Собрание сочинений. Том 4. Гражданская лирика и поэмы
Текст книги "Собрание сочинений. Том 4. Гражданская лирика и поэмы"
Автор книги: Семен Кирсанов
Жанр:
Поэзия
сообщить о нарушении
Текущая страница: 1 (всего у книги 8 страниц)

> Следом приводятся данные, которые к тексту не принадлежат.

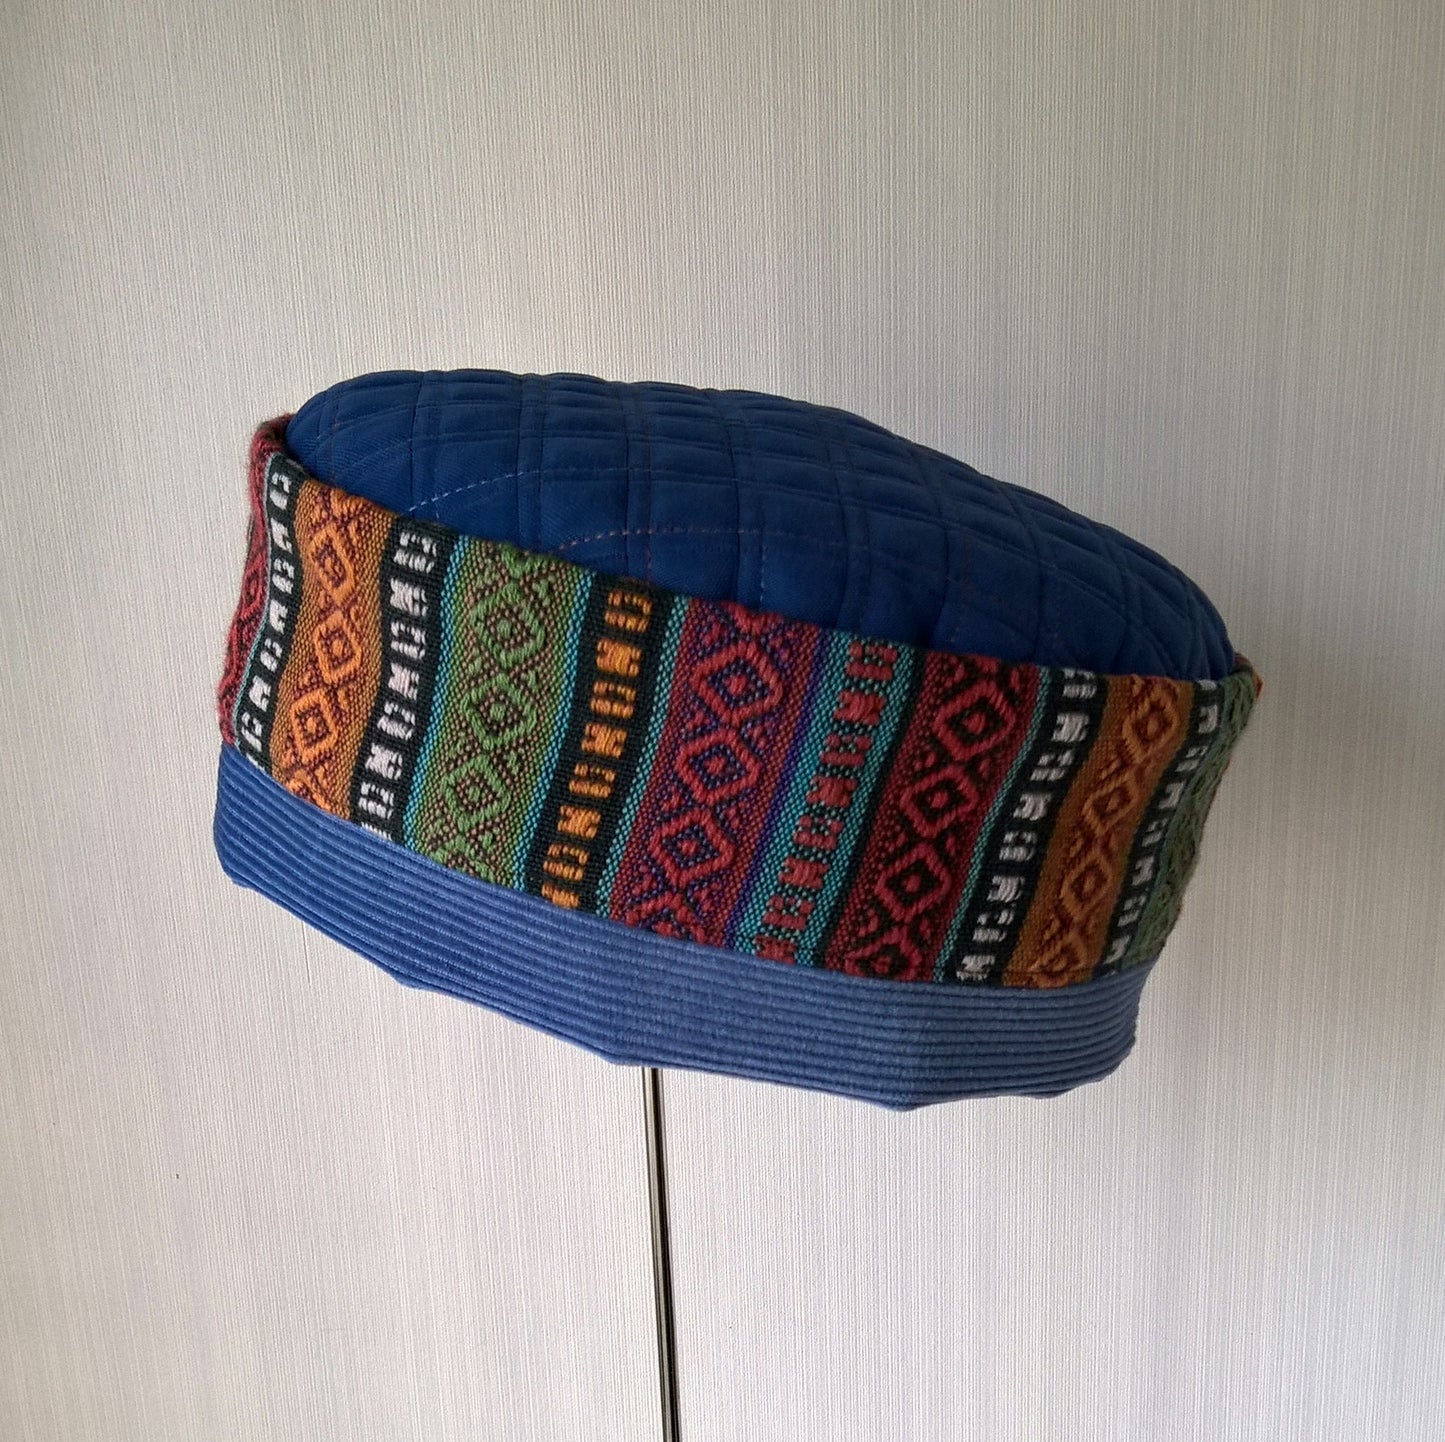 Pillbox shaped ethnic striped hat
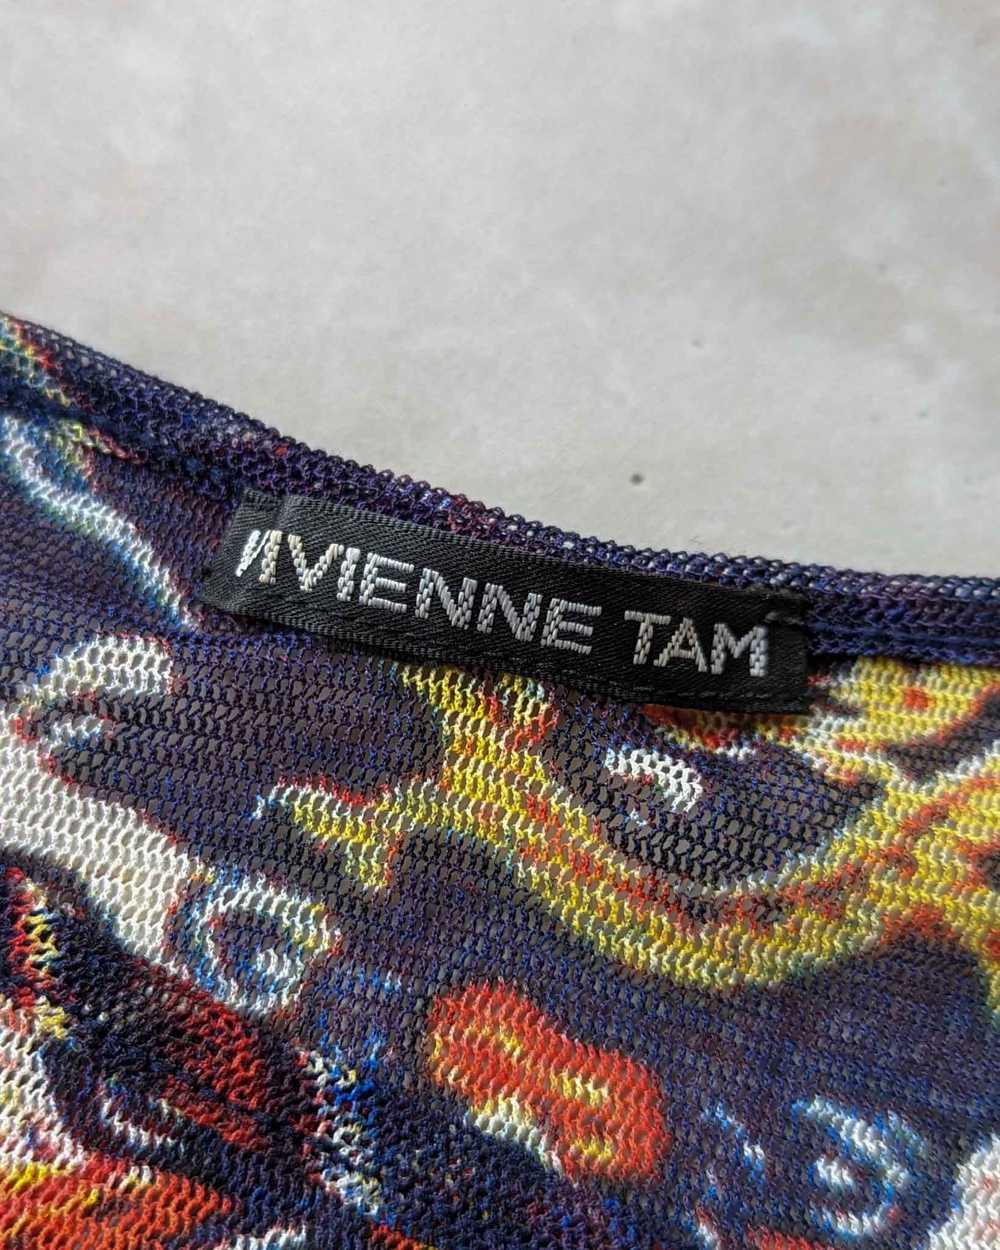 90s Vivienne Tam "Dragon Robes" Mesh Top - image 7

Семен Кирсанов. ТОМ ЧЕТВЕРТЫЙ
Поэтические поиски и произведения последних лет
ПОЭТИЧЕСКИЕ ПОИСКИ И ПРОИЗВЕДЕНИЯ ПОСЛЕДНИХ ЛЕТ
(1923–1972)
Новаторство
Что такое новаторство?
Это, кажется мне,
на бумаге на ватманской —
мысль о завтрашнем дне.
А стихи, или здание,
или в космос окно,
или новое знание —
это, в целом, одно.
В черновом чертеже ли
или в бое кувалд —
это опережений
нарастающий вал.
Это дело суровое,
руки рвутся к труду,
чтоб от старого новое
отделять, как руду!
Да, я знаю – новаторство
не каскад новостей, —
без претензий на авторство,
без тщеславных страстей —
это доводы строит
мысль резца и пера,
что людей не устроит
день, погасший вчера!
Не устанет трудиться
и искать человек
то, что нашей традицией
назовут через век.
ДОРОГА ПО РАДУГЕ (1923–1972)
Мой номер [1]1Оригинальная структура стихотворения
[Закрыть]
Номер стиха на экзамен цирку
ареной чувств моих и дум —
уверенных ног расставляя циркуль
по проволоке строчки, качаясь, иду.
Зонт золот. Круг мертв. Шаг… Сталь. Взвизг!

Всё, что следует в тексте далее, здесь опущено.